Cthulhu çakmasının altındaki toprak hiçliğe dönüştü. Bana odaklanması, birden oluşan çöküntüye karşı harekete geçmesini engelleyecek kadar dikkatini dağıtmıştı. Bu noktadan sonra yer çekimi kontrolü eline aldı ve onu anında dipsiz kuyuya çekti.

 

“Şimdi!” Beş evcil hayvanım onlara önceden verdiğim tek emre uydu: Bay Tentakül’ü canlı canlı gömmek.

 

Deliğin içine mümkün olduğunca fazla toprak doldurmaya başladılar. Ve doldurdukları normal bir toprak değildi. Her ne kadar bir yanım bunun etkili olacağından şüpheli olsa da, toprağa hem Orochi’nin hem de Wsprit’in zehirlerinden karıştırmıştık. Ben de onlar gibi, önceden çağırdığım su ejderlerine doğrudan içine dalmalarını emrederek alabildiği kadar toprakla doldurduğum envanterimi açıp boşaltarak bu lanet cenazeye katılmıştım.

 

Bu operasyon, “Senden korkmuyorum orospu evladı, denizlerin yirmi bin fersah altında olsan da! Şimdi kapa çeneni ve öl!

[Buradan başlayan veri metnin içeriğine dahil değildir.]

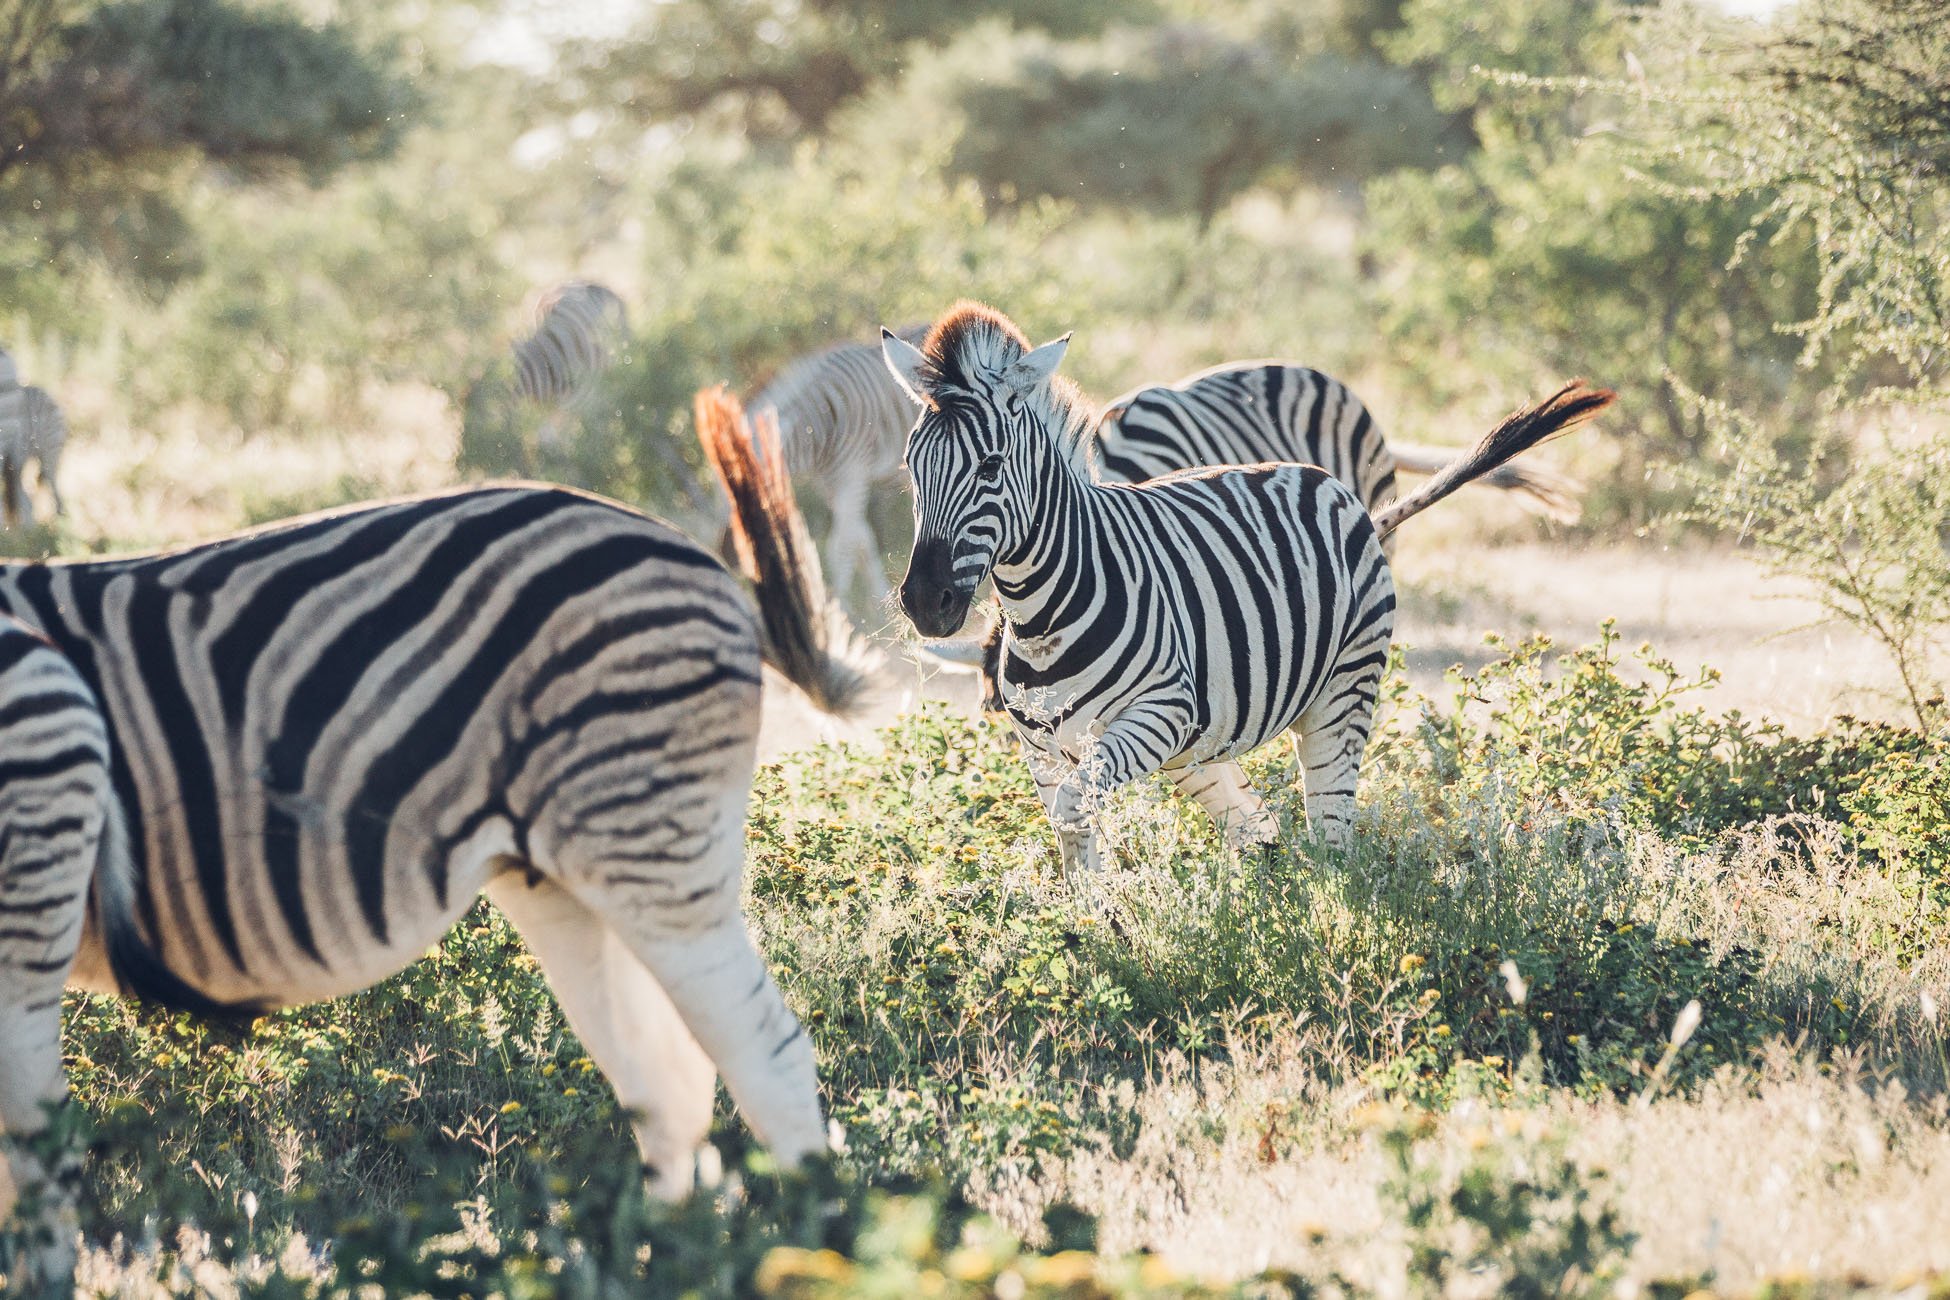 Baby Zebras playing at Etosha National Park

Piç!” ama doğrusu delik bırakın yirmi bin fersahı, bir fersah derinliğinde bile değildi. Sadece basit bir kilometre kadardı. Gerçi elli metrelik genişliğiyle hacimsel olarak yine de çok büyüktü. Her neyse. Olay onu gömüyor oluşumuz. Hem mecazi hem de kelimenin tam manasıyla. [1]

 

Hepimiz geleneksel yöntemlerin bizi sadece başarısızlığa uğratacağı sonucuna varmıştık çoktan. Ona zarar verememiştik. Saldırılarımızın hiçbiri lanet şeyin kaçınmasına bile sebep olmamıştı.

 

Neyse ki tentakül canavarın derisinin olmaması sayesinde ciğerlerini gözlemleyip onların çalışır vaziyette olduğunu doğrulamıştım. Bir başka deyişle, hilkat garibesi nefes alıyordu, saçma vücut özelliklerine rağmen. Ve nefes alan bir şeyi nasıl öldürürsünüz? Nefesini keserek. Tabiisi.

 

Çukur bizim son hamlemizdi. Beş hayvanımın ve benim kazmak için son yarım saatimizi harcadığımız geniş çukurun üzerine zindanın gizli tuzaklarından katman katman yerleştirmiştim. Sarf ettiğimiz her bir ter ve kan damlası onu mümkün olduğunca derin yapmaktı. Çünküüüü... Evet. Eğer çok sığ kazmışsak şansımıza küsmek durumunda kalacaktık.

 

“Muhahahaha! İşte böyle seni puş--orospu! Düşsen iyi olur!”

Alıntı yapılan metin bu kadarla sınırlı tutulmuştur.